PROBLEM TO WORK ON
For this exercise, please transcribe exactly and only the lines from the one containing "A house with bushes in front of a window." through the end of the material, both ends included, without pictures.

MATERIAL PROVIDED
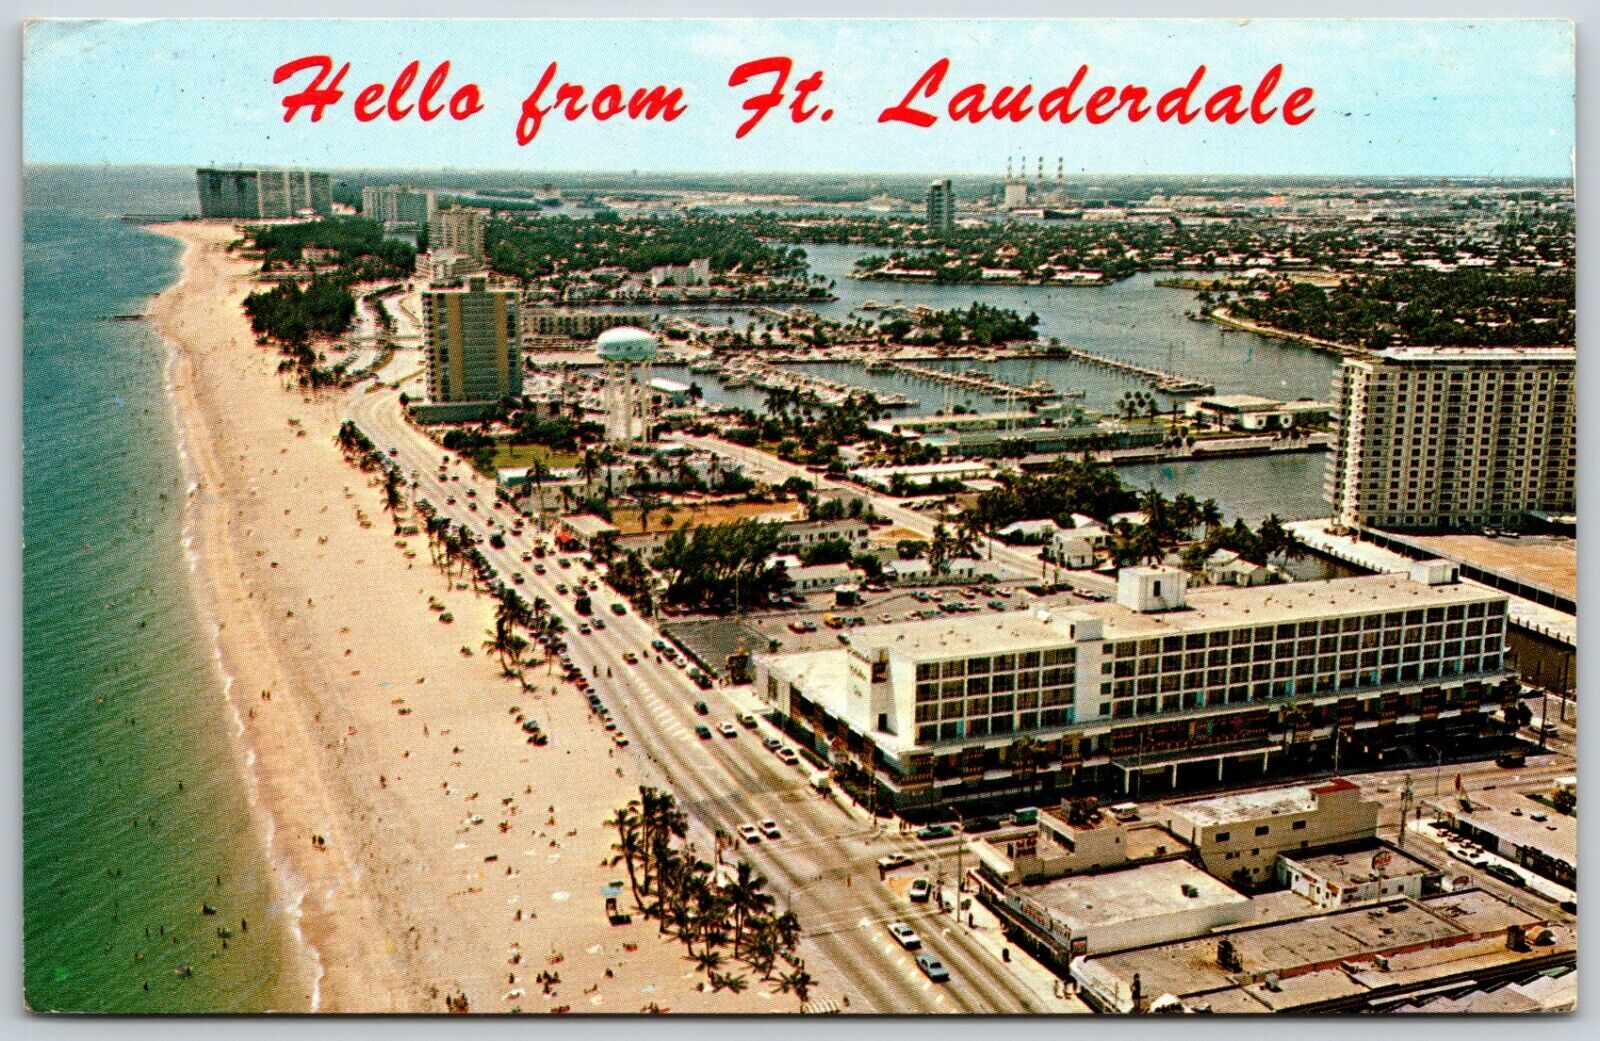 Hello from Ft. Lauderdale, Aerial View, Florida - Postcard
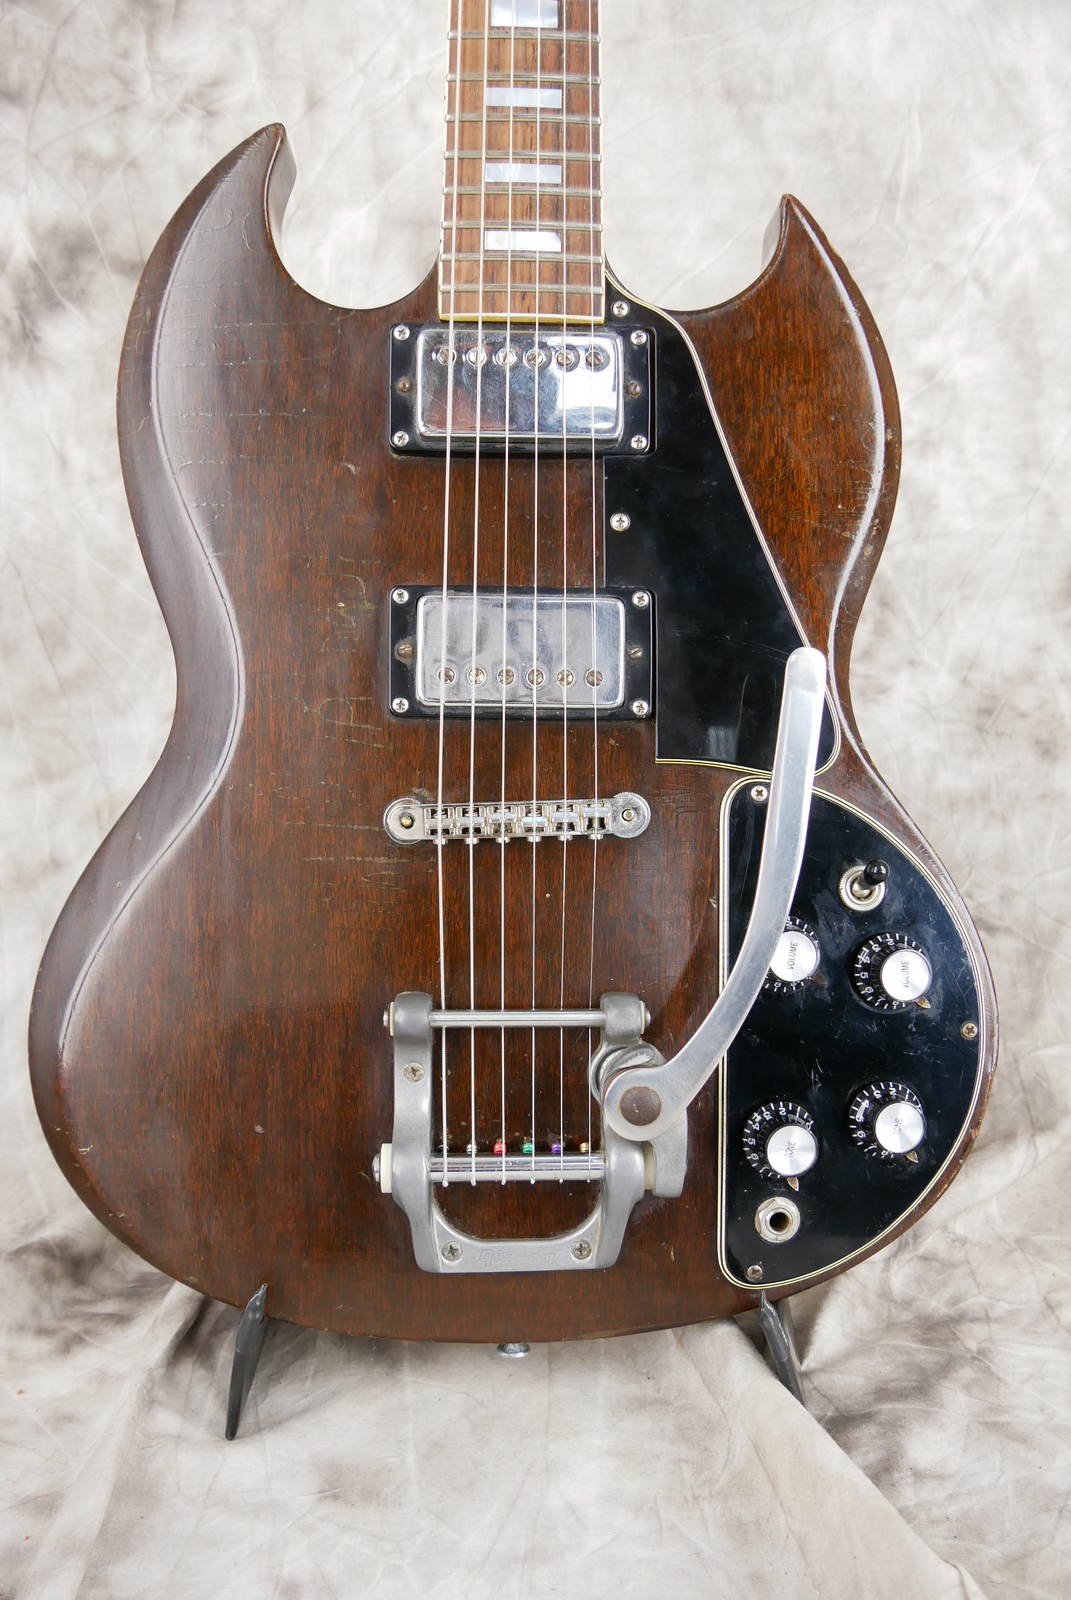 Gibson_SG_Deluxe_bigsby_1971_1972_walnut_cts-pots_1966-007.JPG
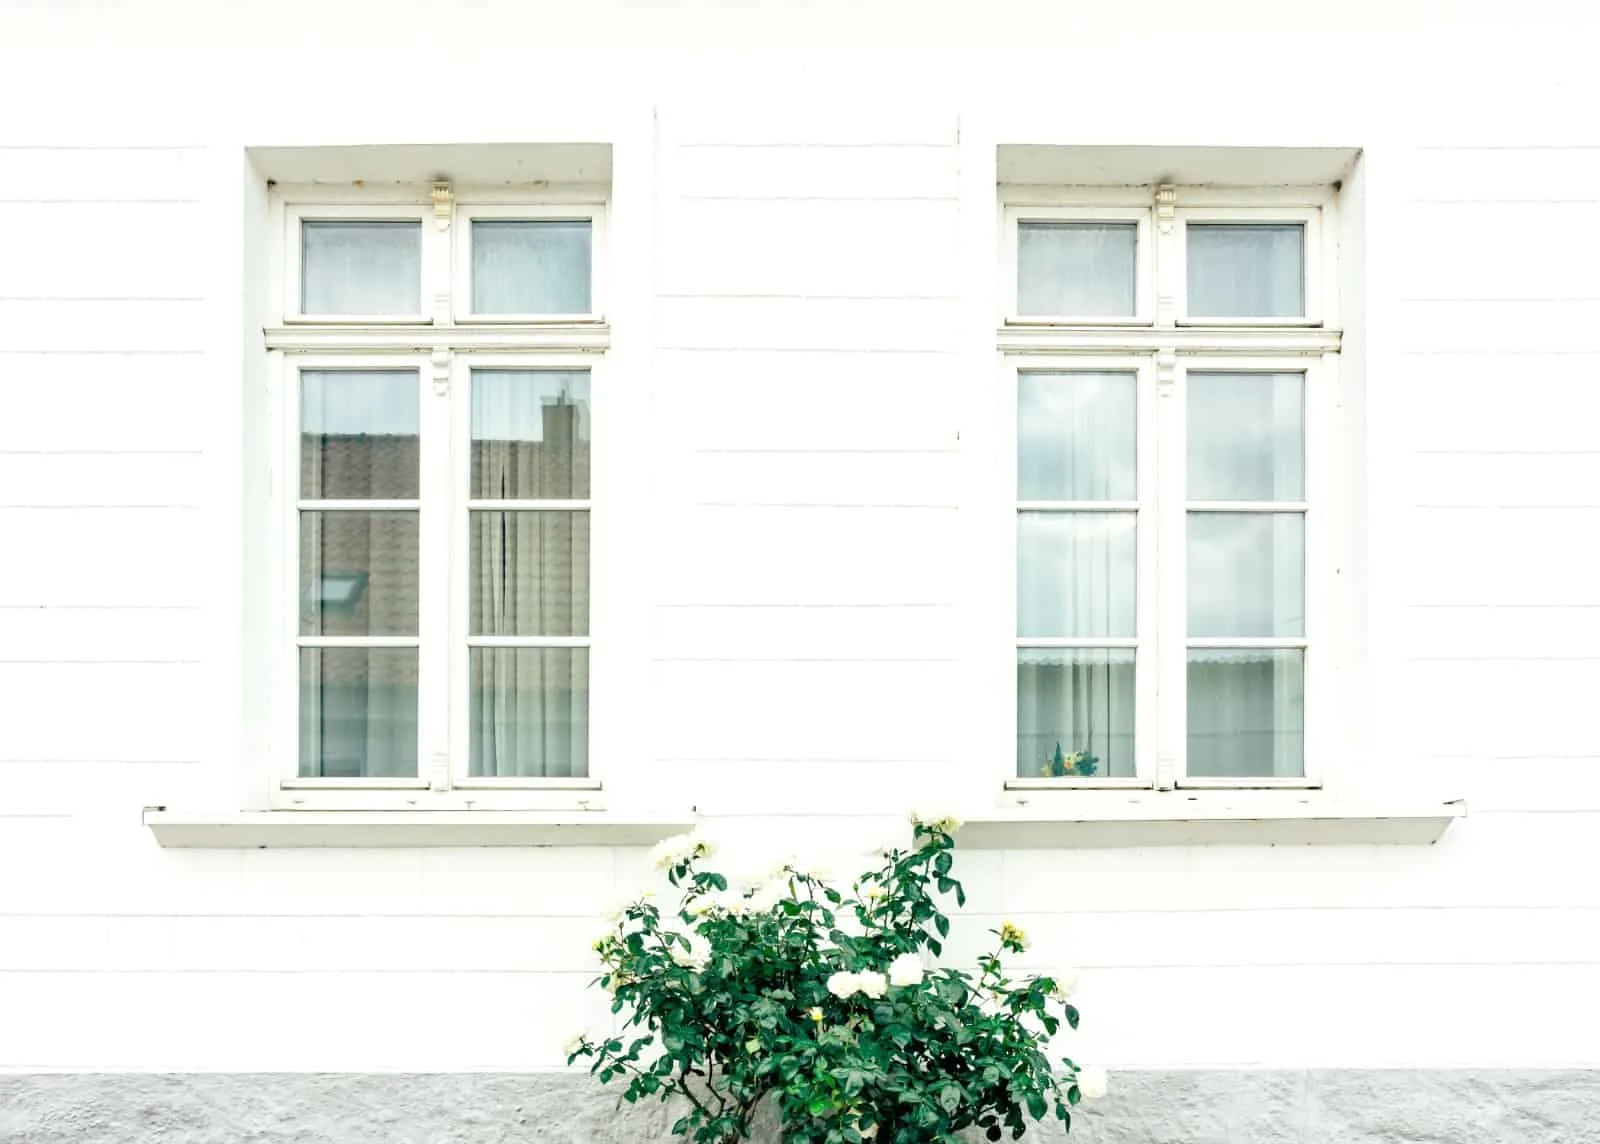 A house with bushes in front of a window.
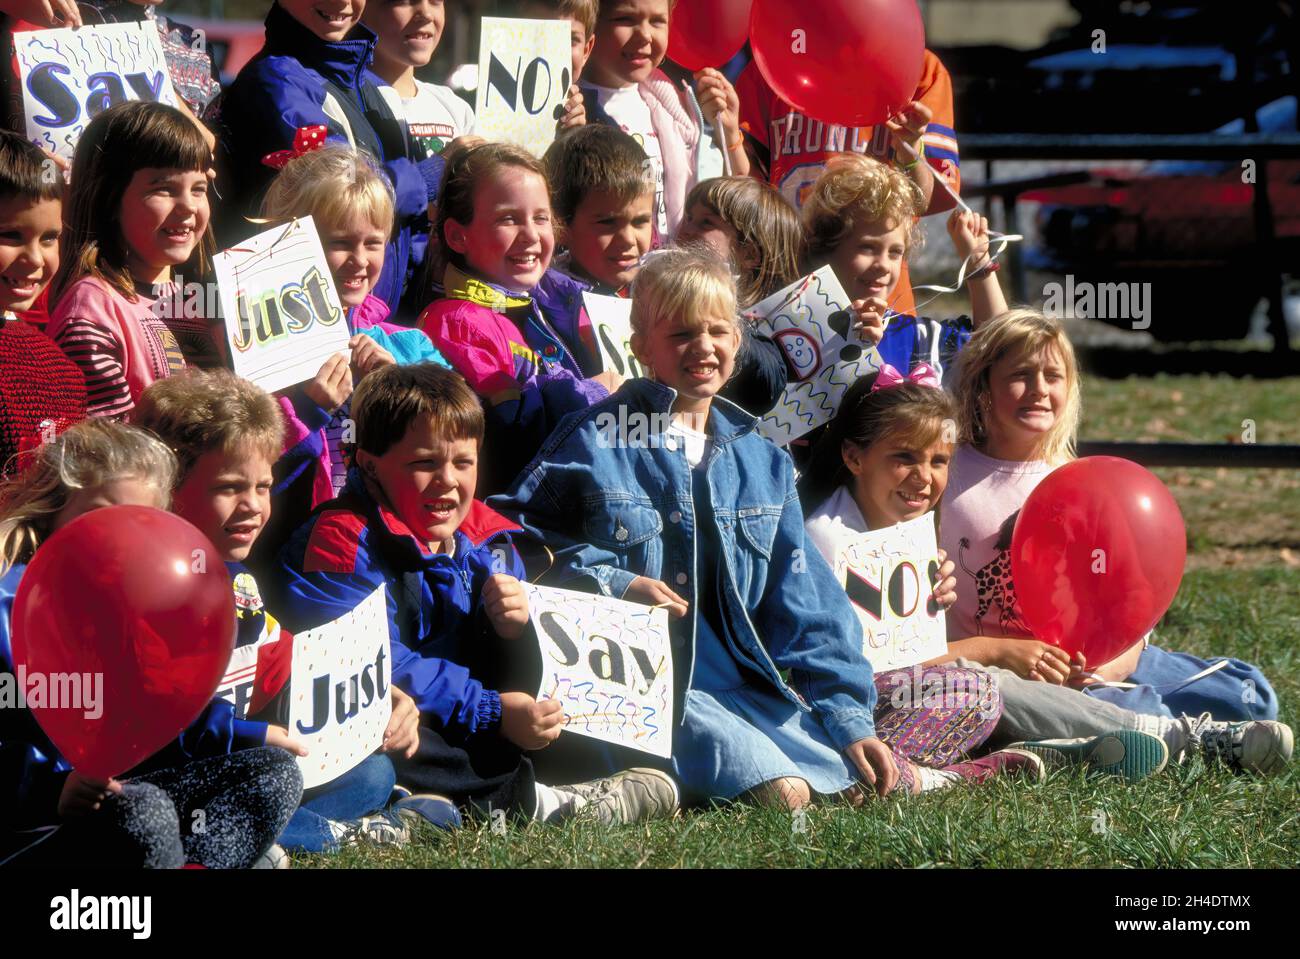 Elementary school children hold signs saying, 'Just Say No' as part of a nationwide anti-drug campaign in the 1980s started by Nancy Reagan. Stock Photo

EXERCISE ANSWER
 A house with bushes in front of a window.
 Elementary school children hold signs saying, 'Just Say No' as part of a nationwide anti-drug campaign in the 1980s started by Nancy Reagan. Stock Photo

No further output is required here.